IMO, running your own Redis/SQL instance is a nice, simple option.

Roughly, yeah. I don’t know of anyone at a higher order of magnitude, but about this. I don’t have exact numbers due to lack of telemetry and changing market conditions, but I know we have several at “250k” and one at “50k/week” (50k more / week? I dunno for sure) – but scaling to 1M is about the same, you just need more disk space.

I can help you get more specific optimizations/advice for your setup with a sponsorship – let’s chat in private about that.

ZeroSSL is an excellent choice for some, here are my thoughts, without knowing your details right now. ZeroSSL has 2 ways of getting certificates: their ACME endpoint, and their API.

Their ACME endpoint is not fast, but at scale like yours I recommend it at least as a backup since they don’t have tight rate limits like LE (which you have an exception for anyway). They do limit how many labels/subdomains you can have to mitigate spam, but overall they’re a fine option.

Their API is a proprietary way of getting certificates that is much faster and allows management through their account UI, but this requires a paid subscription. At your scale you’d want to talk to them about pricing.

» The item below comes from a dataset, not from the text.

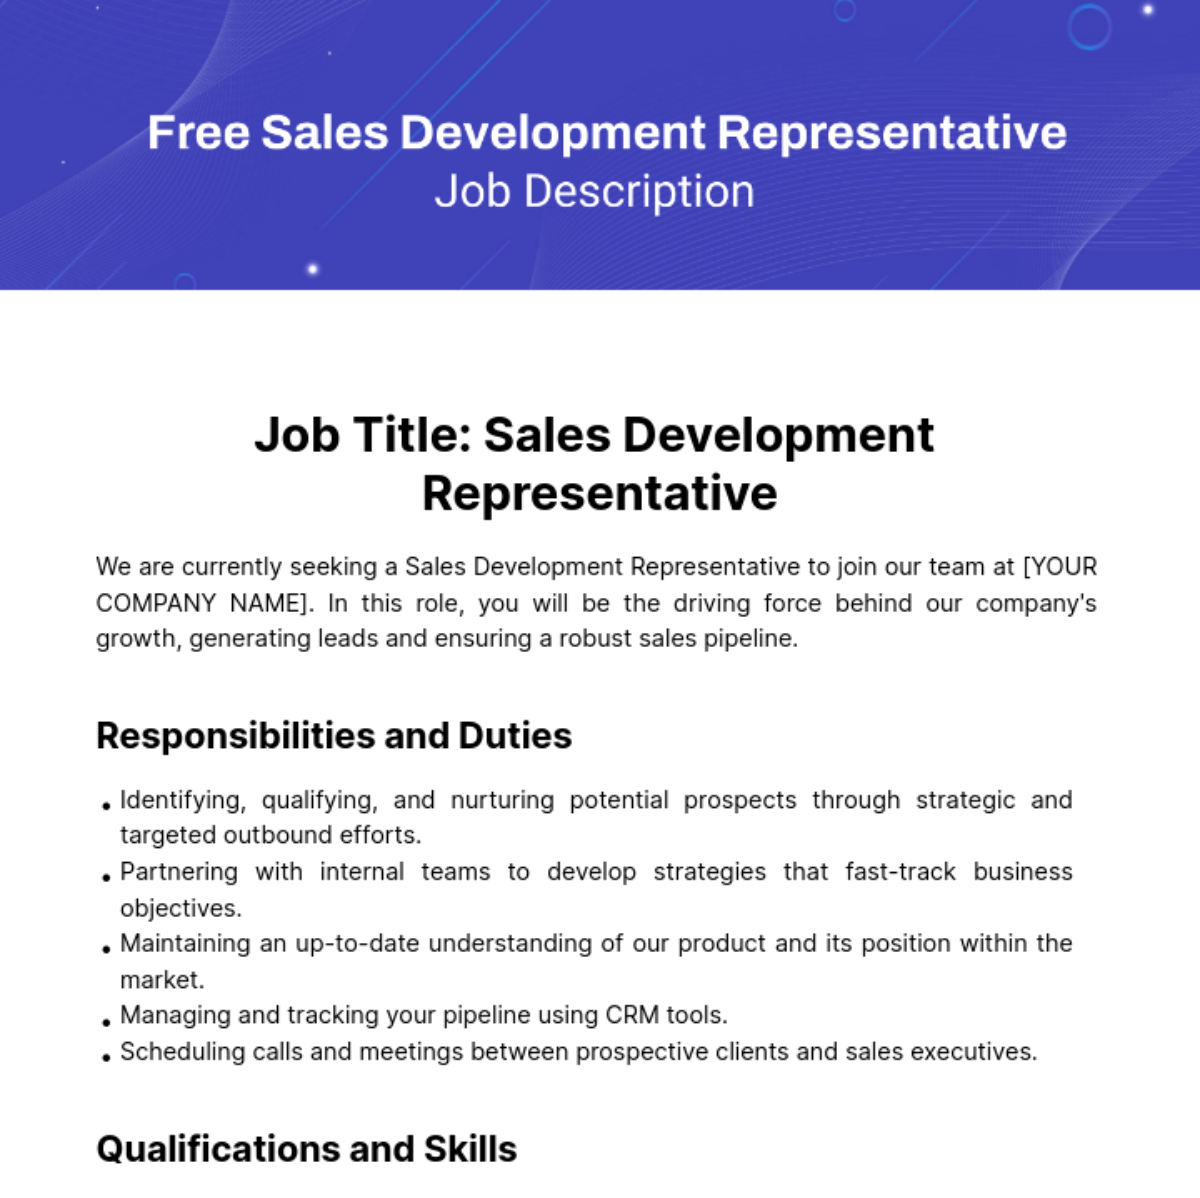 Free Sales Development Representative Job Description Template

That all said, at your scale I definitely do recommend having at least 2-3 CAs to choose from. Caddy can automatically choose them randomly or as backups to give you the highest reliability of any solution.

Common choices are (in whatever order, or no order at all): Let’s Encrypt, ZeroSSL, and Google Trust Services. See more ACME CAs – some may require payment. I think Google Trust Services is free but has some limits.

This won’t be an issue with on-demand TLS since cert loading is deferred to handshake-time.

You’ll still want a fast multicore CPU to make that as fast as possible, but we’re talking ms of actual server startup instead of … I dunno, minutes?

5 Likes

Great, thank you so much @matt for the detailed and thoughtful response and we’ll definitely be getting a Sponsorship once we get going!

I think I’ll start with two smaller web servers so I can jump right into the clustering and not have to figure it out later. For storage, we already run MySQL and a hefty Redis/Elasticache instance at AWS, so those seem like good options worth trying. I’m curious to see if just MySQL would be enough and how response time looks for certs that aren’t in memory. Maybe we could persist the certs from Redis to MySQL, so the shared storage stays fast but we can rebuild it if the Redis instance fails. Nice bit of premature optimization there :).

Having multiple CAs sounds great – fantastic feature. I’m sure I’ll have more questions once I get going.

1 Like

This topic was automatically closed 30 days after the last reply. New replies are no longer allowed.